Keeping with the Jupyter theme, you can use the nbtransom library to manipulate notebooks with code:
This is a Python 3 library to read/write cells programmatically in Jupyter notebooks which anticipates upcoming collaborative features in Jupyter.
We use this at O’Reilly Media for notebooks used to manage machine learning pipelines. That is to say, machines and people collaborate on documents, implementing a “human-in-the-loop” design pattern: …

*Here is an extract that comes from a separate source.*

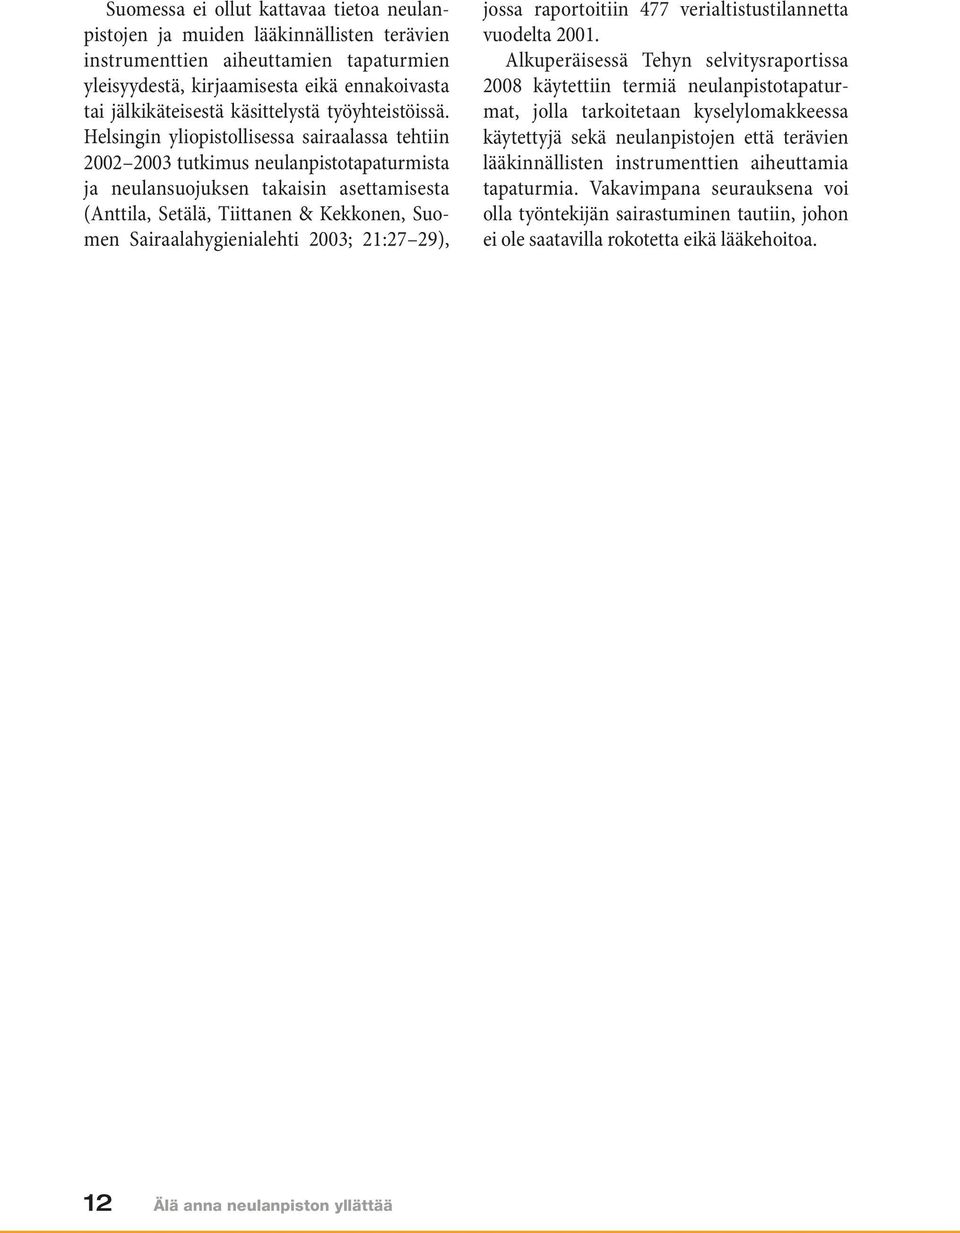 Helsingin yliopistollisessa sairaalassa tehtiin 2002 2003 tutkimus neulanpistotapaturmista ja neulansuojuksen takaisin asettamisesta (Anttila, Setälä, Tiittanen & Kekkonen, Suomen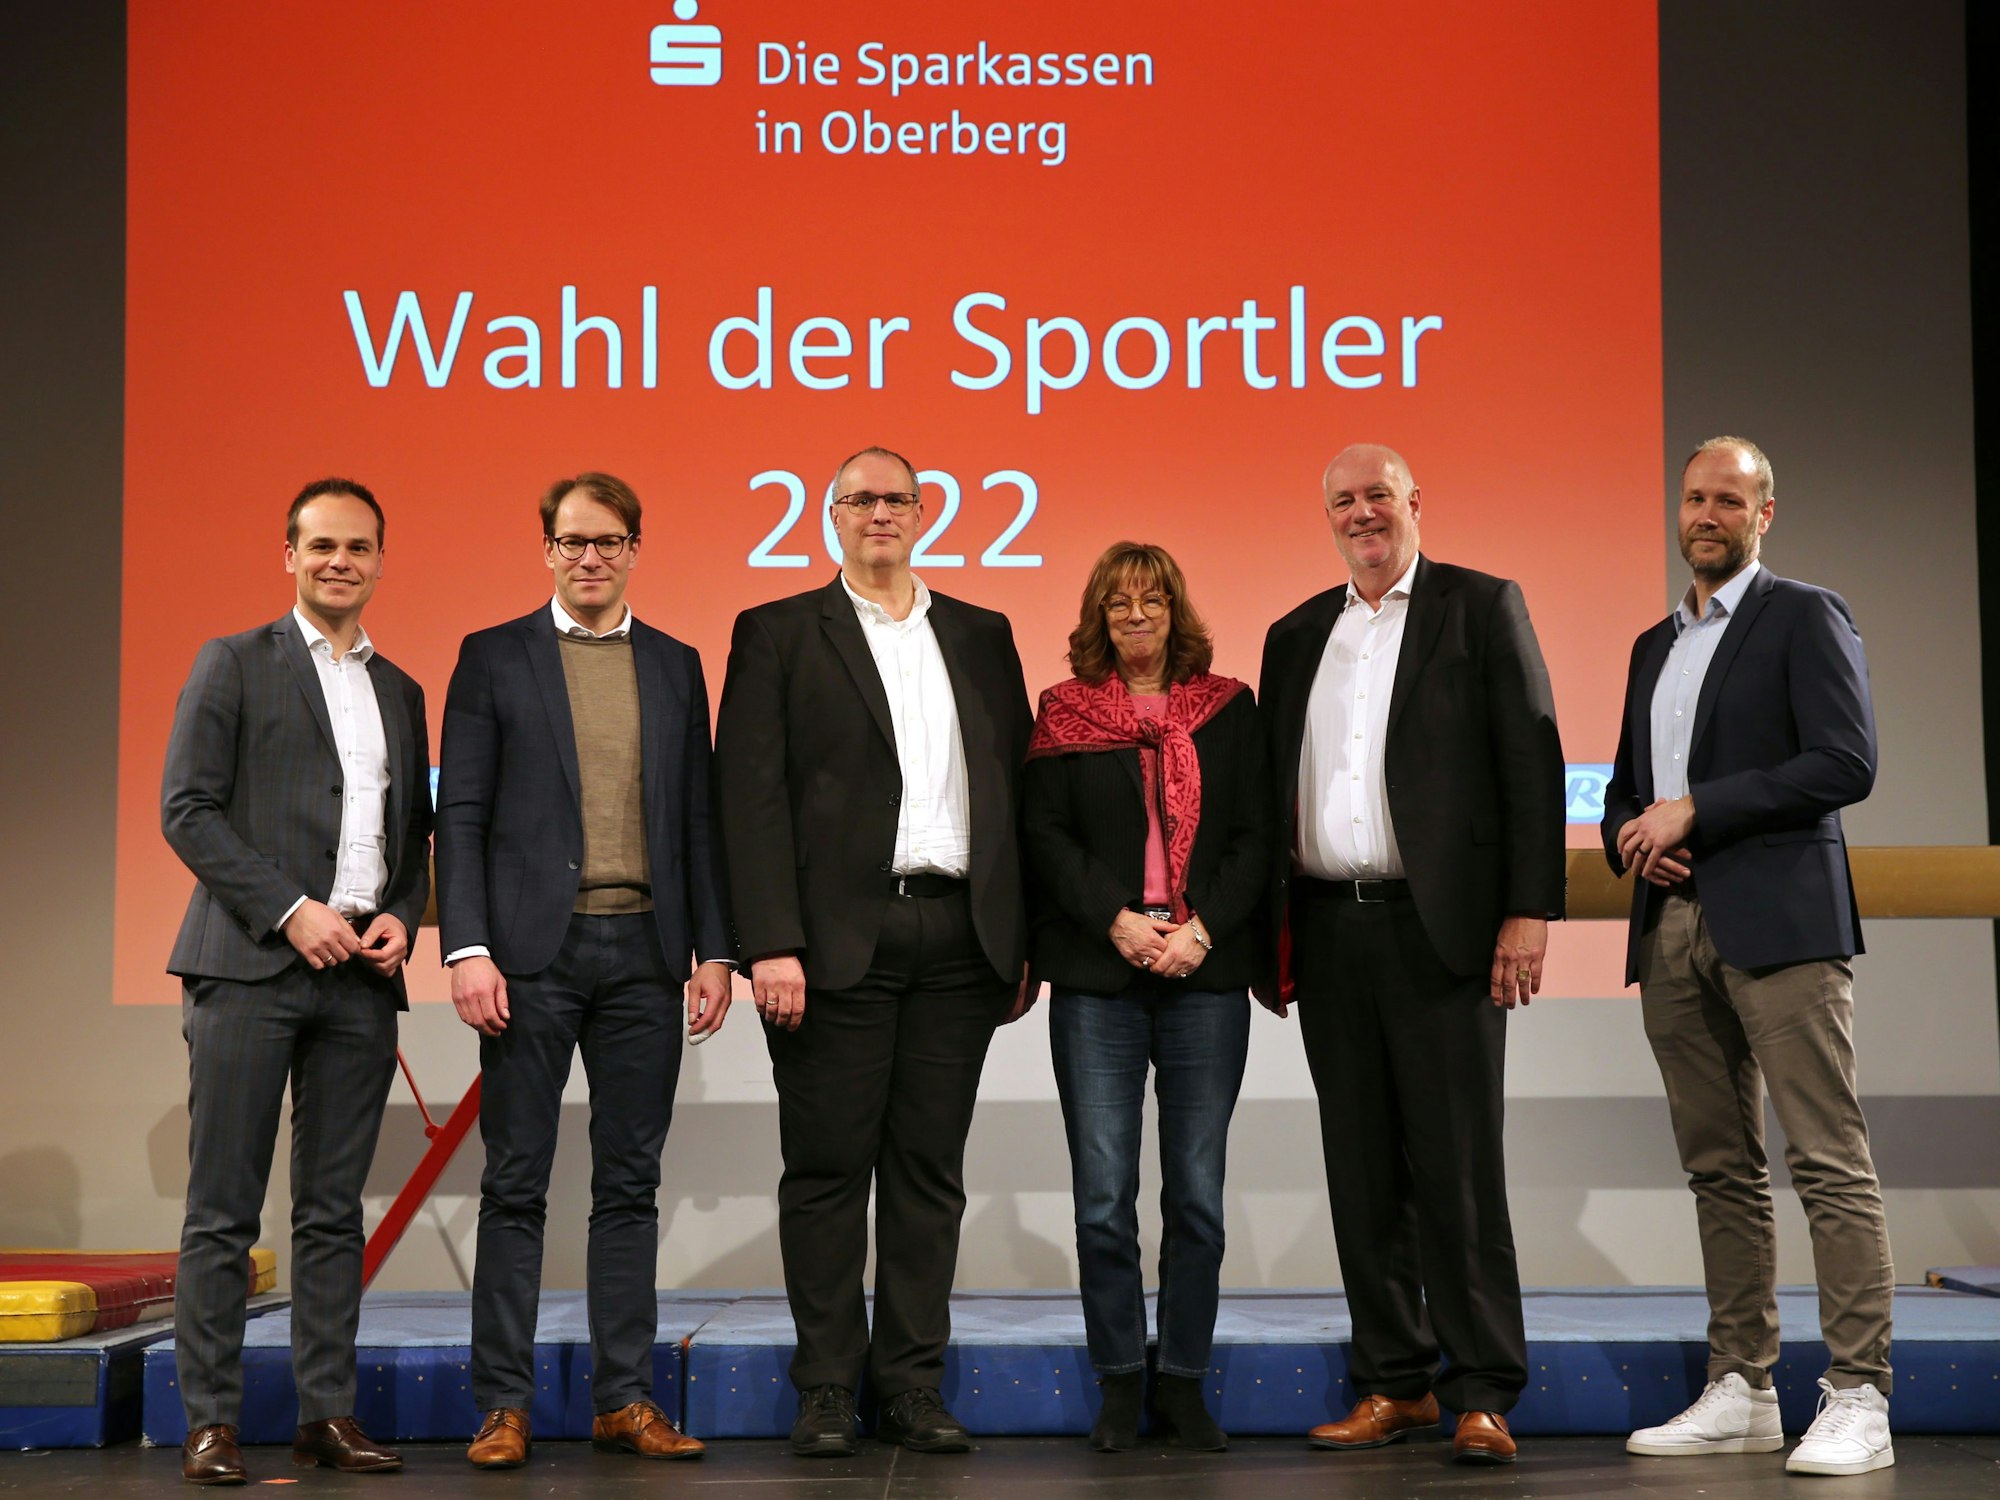 Mehrere schick gekleidete Männer und Frauen stehen nebeneinander auf einer Bühne vor einer Leinwand mit der Aufschrift „Wahl der Sportler 2022“.

nbtransom seems to be a key element for this upcoming JupyterCon talk from Paco Nathan:
Paco Nathan reviews use cases where Jupyter provides a frontend to AI as the means for keeping humans in the loop (and shares the code used). Jupyter gets used in two ways. First, people responsible for managing ML pipelines use notebooks to set the necessary hyperparameters. In that sense, the notebooks serve in place of configuration scripts. Second, the ML pipelines update those notebooks with telemetry, summary analytics, etc., in lieu of merely sending that data out to log files. Analysis is kept contextualized, making it simple for a person to review. This process enhances the feedback loop between people and machines: humans-in-the-loop use Jupyter notebooks to inspect ML pipelines remotely, adjusting them at any point and inserting additional analysis, data visualization, plus their notes into the notebooks; the machine component is mostly automated but available interactively for troubleshooting and adjustment.
I’ll have to wait until the talk gets released to Safari, but I’m interested to see if there’s discussion of how notebooks are organized at a higher level to support these types of manipulations.